DAS Talk: Country’s growth must reflect in arts, not just GDP

Staff Correspondent
Thursday, February 8th, 2018


Art patrons and collectors all stressed greater promotion of the arts during a discussion session at the ongoing Dhaka Art Summit 2018 on February 5. The talk, titled “Speaking to the Importance of Patronage of Art and Culture in Bangladesh”, brought leading patrons of art from the government and private sectors together to discuss their experiences of art patronage and the journey so far.


Moderated by Professor Nazrul Islam, Chairman of Centre for Urban Studies, the discussion included panelists Abul Khair Litu, chairman of Bengal Foundation, Faizul Latif Chowdhury, Director General of Bangladesh National Museum, and Enayetullah Khan, chairman of Cosmos Foundation and Editor-in-Chief of United News of Bangladesh (UNB) and Dhaka Courier.


Enayetullah Khan reminisced how he had grown up in the vicinity of Abul Khair’s residence at the Dhaka University area, which, along with their proximity to scholarly people, had led him to influence their fascination for art and culture. “In all the countries I have travelled to, I had always observed a linkage between creativity and human freedom,” he observed, “now in Bangladesh we are witnessing an explosion of art and culture.”


He also said that the benchmark for a country’s growth should not only be counted by its Gross Domestic Product (GDP), but also by how fast its art and culture scene is growing. He talked about his role as a patron of arts through Gallery Cosmos, Cosmos-Atelier71 Printmaking Studio, Cosmos Books and Cosmos Foundation.


The UNB Editor-in-Chief also revealed upcoming plans from Cosmos Foundation, which includes a first-ever collaboration with UNESCO to organise an art festival for the differently-abled (disabled), an art publication depicting the plight of the Rohingyas titled “Art against Genocide” and forming a National Committee with the Ministry of Cultural Affairs to establish an archiving institute. “Similar to how UNESCO has formally recognised the historic 7th March Speech of Bangabandhu Sheikh Mujibur Rahman as part of the world’s documentary heritage, we need an archive centre where our future generations can come and find out how Bangladesh was born, how it progressed, what challenges the country faced and such,” he added


Abul Khair Litu discussed about how his close affinity with his uncle, eminent academic and social scientist Professor Abdur Razzaque had shaped his gradual interest in arts. His uncle introduced him to some of Bangladesh’s most well-known artists, including Shilpacharya Zainul Abedin. Litu’s interaction with the artists whom he met through his uncle soon inspired him to start his own art collection. He bought his very first painting in 1970, when he was just 20 years old. He always believed that if one wanted to help society, they had to help the arts and artists.

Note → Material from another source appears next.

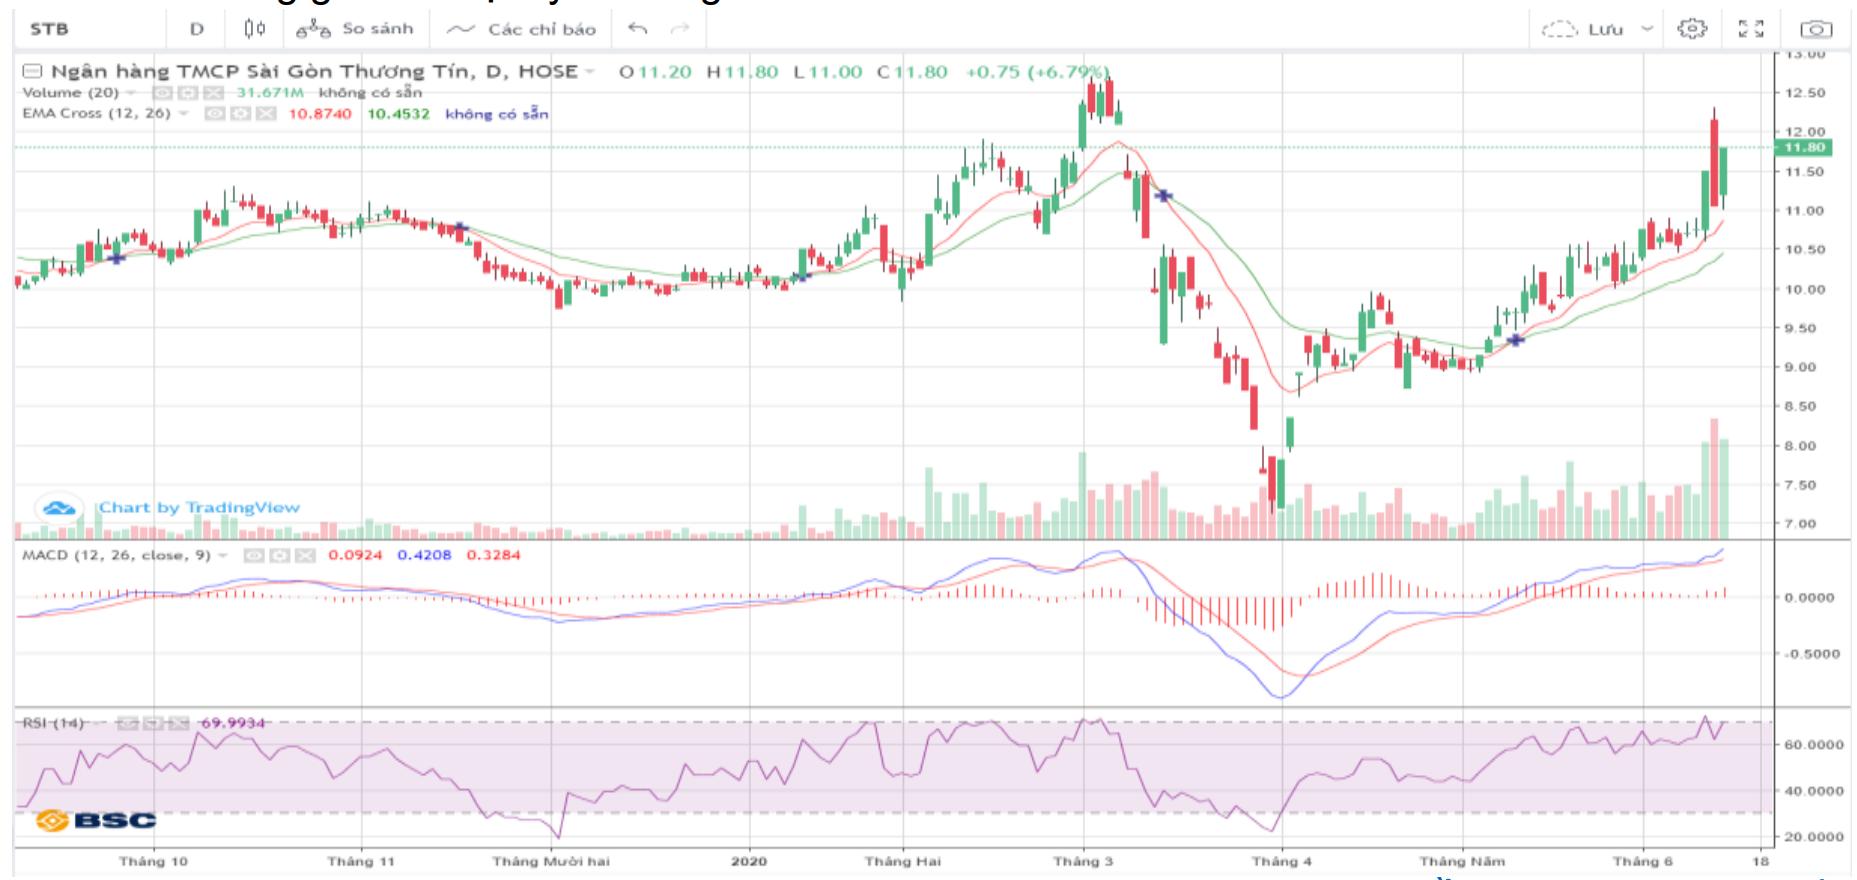 Cổ phiếu tâm điểm ngày 15/6: STB, CRE, NVL, SJS, CMG - Ảnh 1.

As part of his endeavour to promote and showcase Bangladeshi art on a larger platform, Litu set up the Bengal Foundation in 1986, of which he is still the chairperson. Since its inception, he has strived to promote Bangladeshi fine arts, making way to build the country’s first modern gallery, the Bengal Gallery of Fine Arts in 2000. “I never collected artworks by foreign artists, as it was my intention all along to collect artworks only by Bangladeshi artworks, we had to set an example for others,” he remarked.


Faizul Latif Chowdhury shed light on how the government, despite its best intentions, cannot patronise artists due to lack of budget allocations. But he also said that private benefactors such as Enayetullah Khan and Abul Khair Litu have shown the way for future art collectors to patronise local artists. In response to a question asked from the audience, he informed that the government is thinking about setting up a national gallery of fine arts, where everyone can visit and see the best artworks of all genres made by Bangladeshi master artists.


“The potential of growth in art and culture is there, now it is more evident through the rise of the private sector and their CSR initiatives,” he surmised.


Dhaka Art Summit is slated to continue till February 10 and is open for all at the Bangladesh Shilpakala Academy.